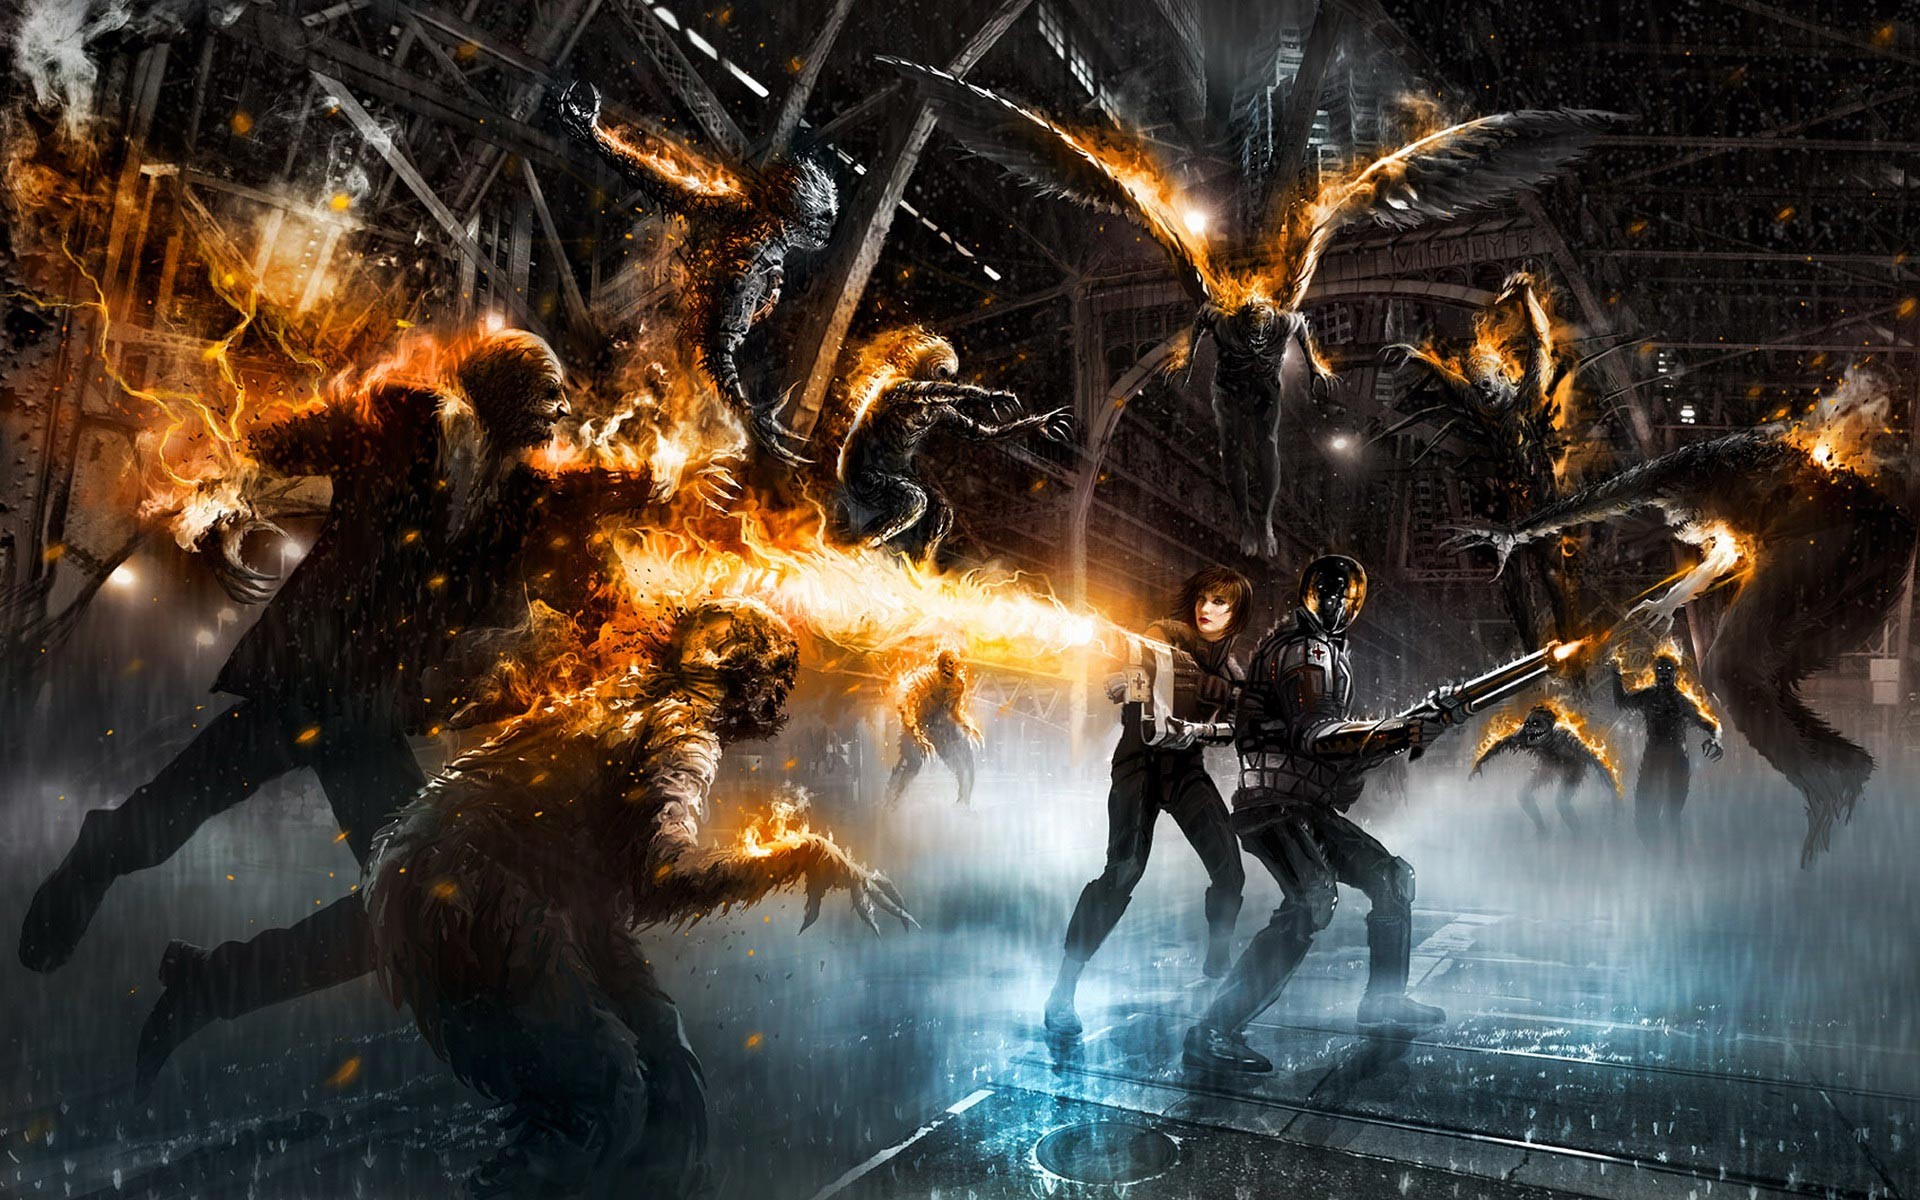 1920x1200 Fantasy zombie fight in rain wallpaper from Zombie wallpapers
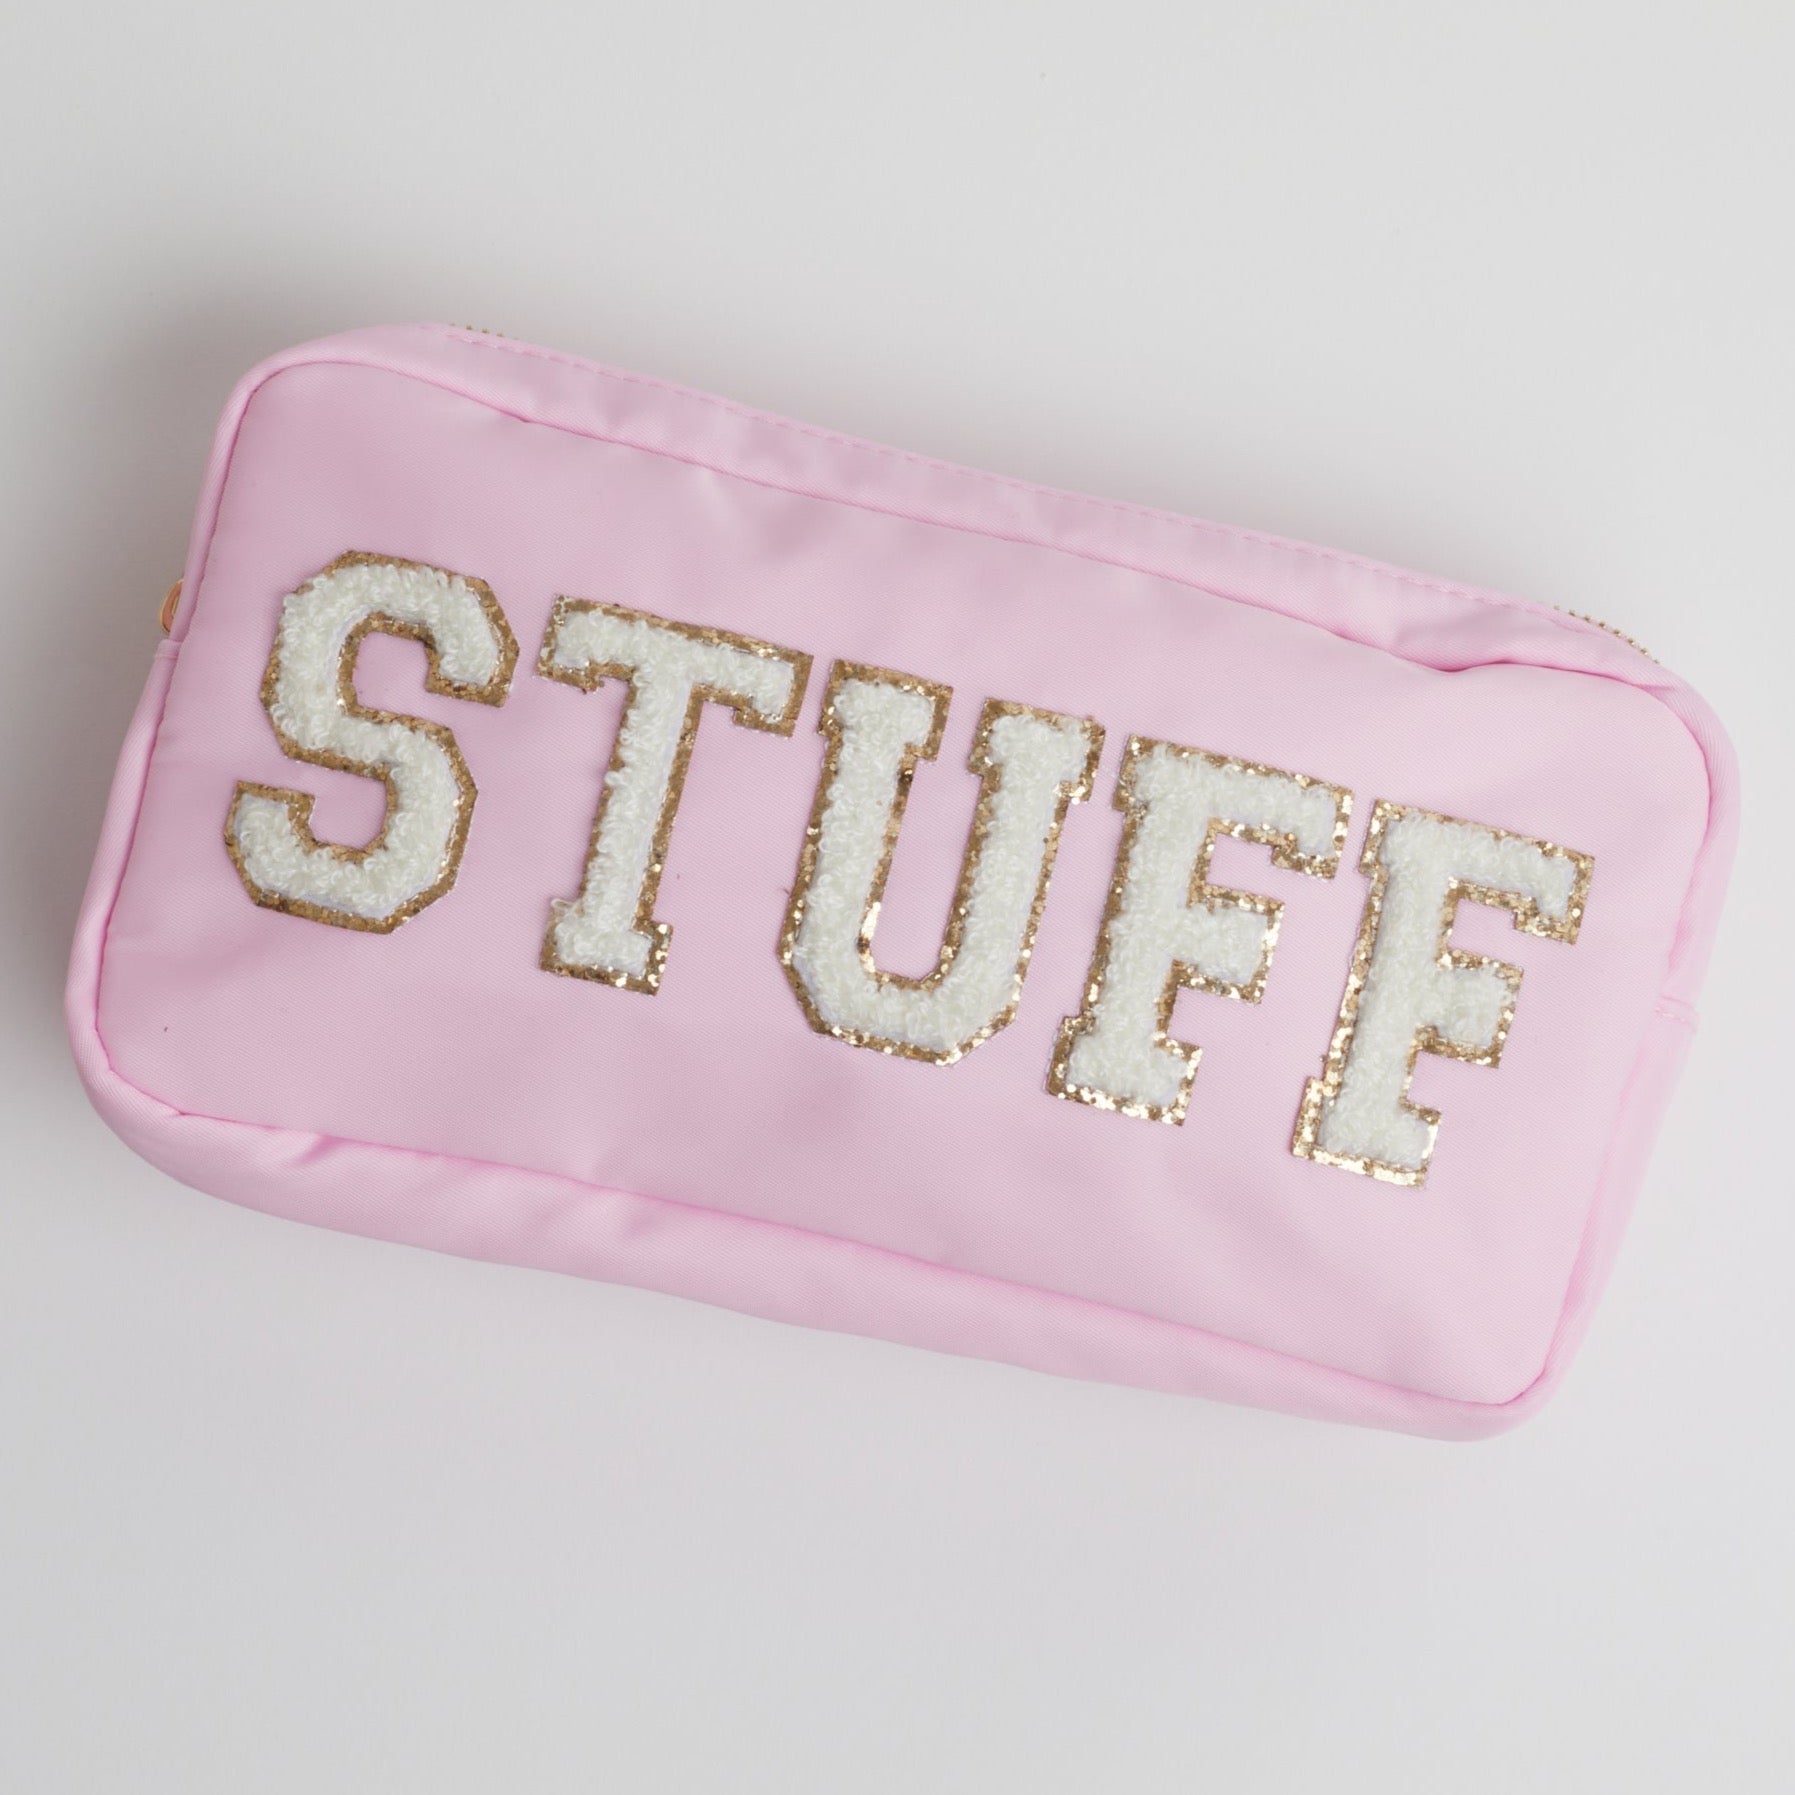 A pink cosmetic bag with white terry cloth letters spelling out "STUFF" on a white background.
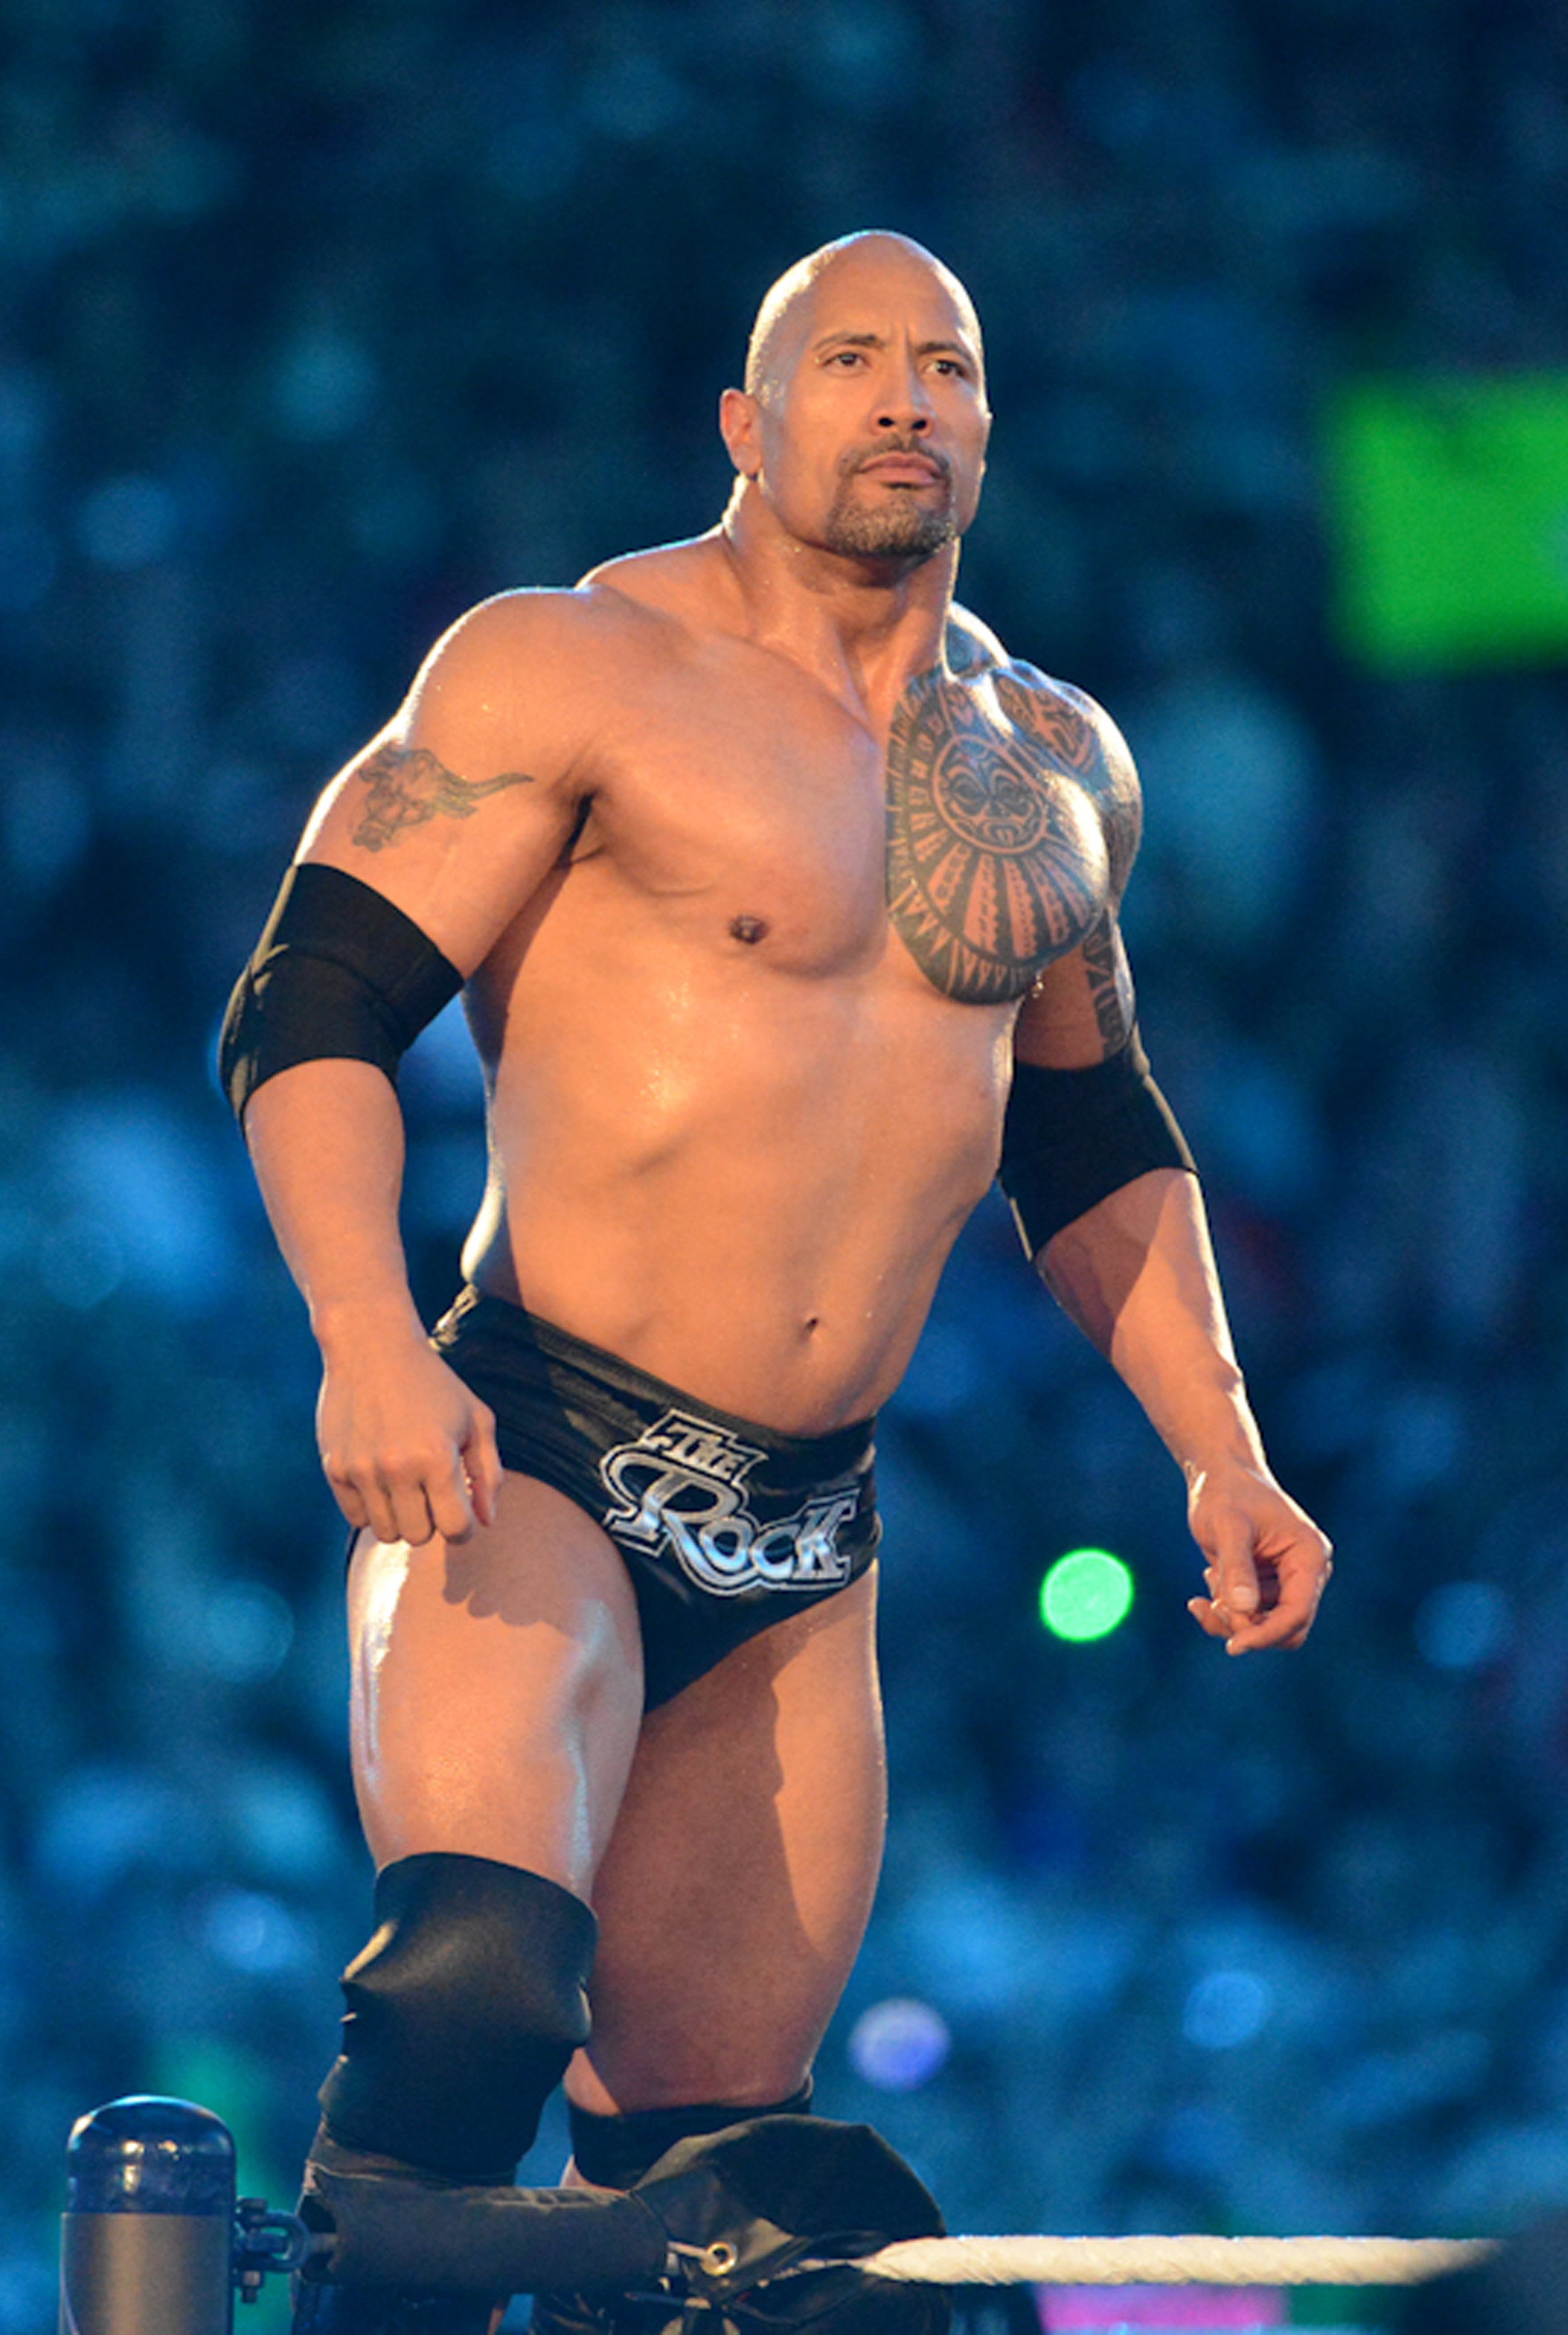 Dwayne was a WWE wrestler as seen here during WrestleMania in Florida in 2012 when his body was bigger because he followed a different training regimen

• • • • •

The material above is to be set down exactly, with pictures removed.

 1920x1200 Fantasy zombie fight in rain wallpaper from Zombie wallpapers
 A pink cosmetic bag with white terry cloth letters spelling out "STUFF" on a white background.
 Dwayne was a WWE wrestler as seen here during WrestleMania in Florida in 2012 when his body was bigger because he followed a different training regimen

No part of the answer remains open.